Steve Jobs

Steve Jobs was born in San Francisco, but raised in Mountain View, Santa Clara by his adoptive parents, Paul and Clara Jobs. He attended Reed College in Oregon but was to drop out after the first semester, returning home to attend the Homebrew Computer Club with friend , Steve Wozniak, who he met working summer employment at Hewlett-Packard, and working as a technician at Atari, a video game producer.

When Jobs was twenty-one he and Wozniak marketed a computer Wozniak had designed for his personal use.
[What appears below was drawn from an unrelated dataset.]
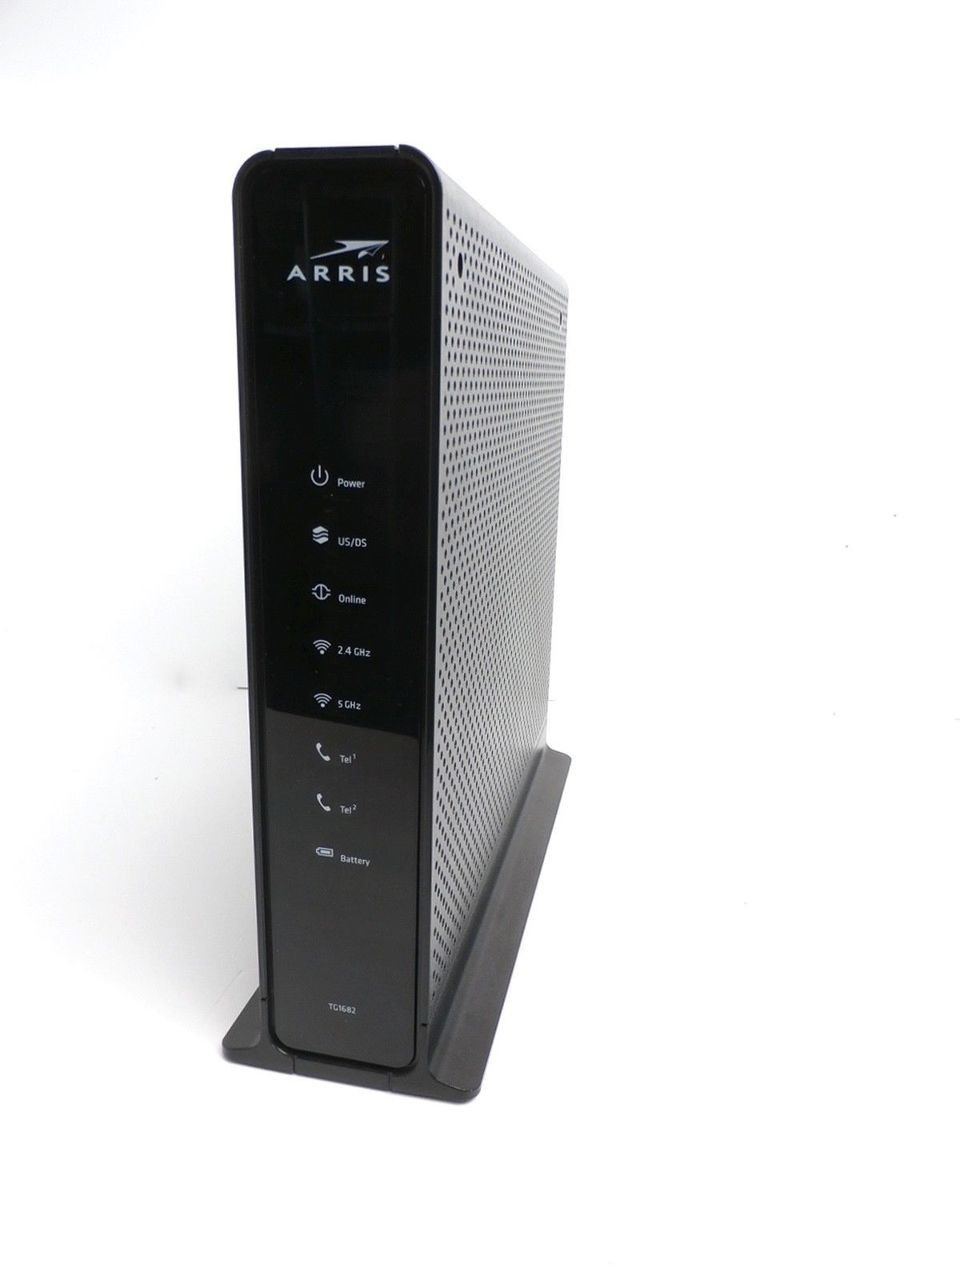 Arris TG1682G Comcast XB3 Wireless Telephone Modem

With the intent to only sell printed circuit boards, they ended their season with a lot of completed computers, selling them for just over $650.00. The Apple II sold the following year, then the Apple III was introduced in 1980, the same year Apple Computers became incorporated. The company later produced the Macintosh, the world’s first successful GUI (Graphical user interface) consumer computer. In three years, Jobs saw a 700% growth in his company. However, IBM was becoming a glaring advocate, having developed their own personal computer.

Jobs was able to hire John Scully from Pepsi-Cola to assist the company saying by coming to Apple he can change the world. Though Apple saw unprecedented success with the Macintosh, selling over 400,000 in the first year, Jobs left Apple having been demoted for his underdog business tactics by Wozniak and another corporate partner to open his own company: NeXR, that would produce educational programming. Jobs was to recieve the “1989 Software Publishers Association’s Lifetime Achievement Award” for his company’s final product, though it wasn’t successful in sales. His new company however was to harbor in the invention of the World Wide Web, having Tim Berners-Lee develop it on a NeXR server.
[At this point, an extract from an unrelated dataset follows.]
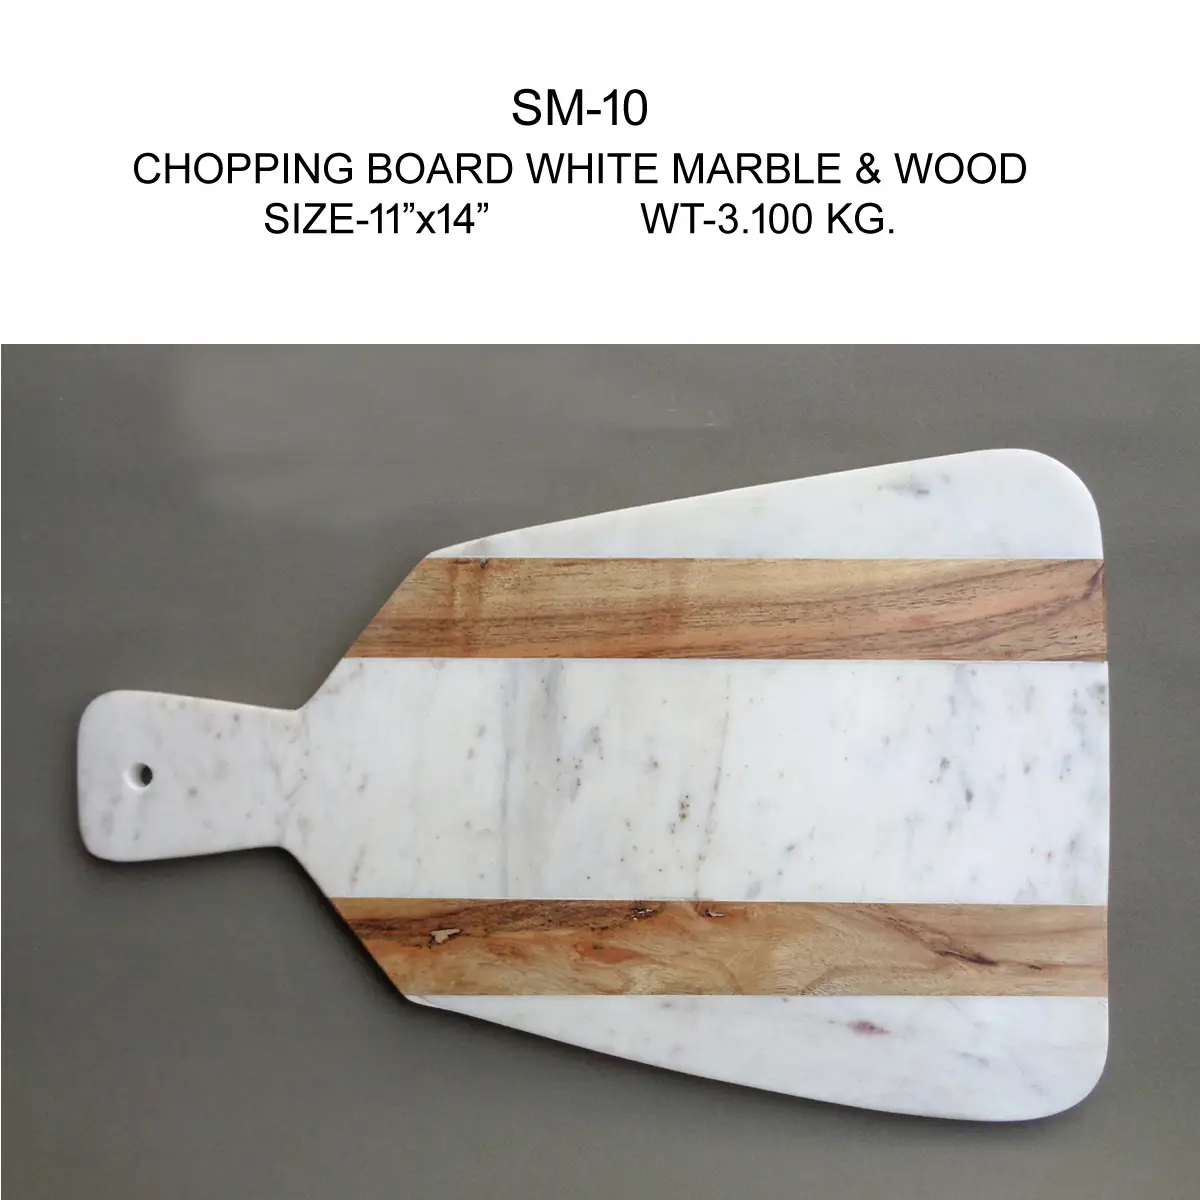 CHOPPING BOARD WOOD & WHITE MARBLE

It was in the mid 1990’s that Apple’s focus of ancient software and some internal problems almost bankrupted the company. With an annual salary of $1.00 a year, Jobs was invited back to Apple and with his interests in Unix operation systems, Jobs was to rescue the handicapped company.
His influence in Apple remains rigorous and punctual. The term “getting Steved” refers to Job’s, rare but terrorizing, sacking of employees. To this day, Apple continues to grow, reaching to new venues owning the majority of today’s portable MP3 player market with the iPod, which was quick to become a cultural icon.

Jobs and Chris-Ann Brennan, with whom he never married, had a girl: Lisa Brennan-Jobs. Jobs married Laurene Powell in 1991 and had an additional two children.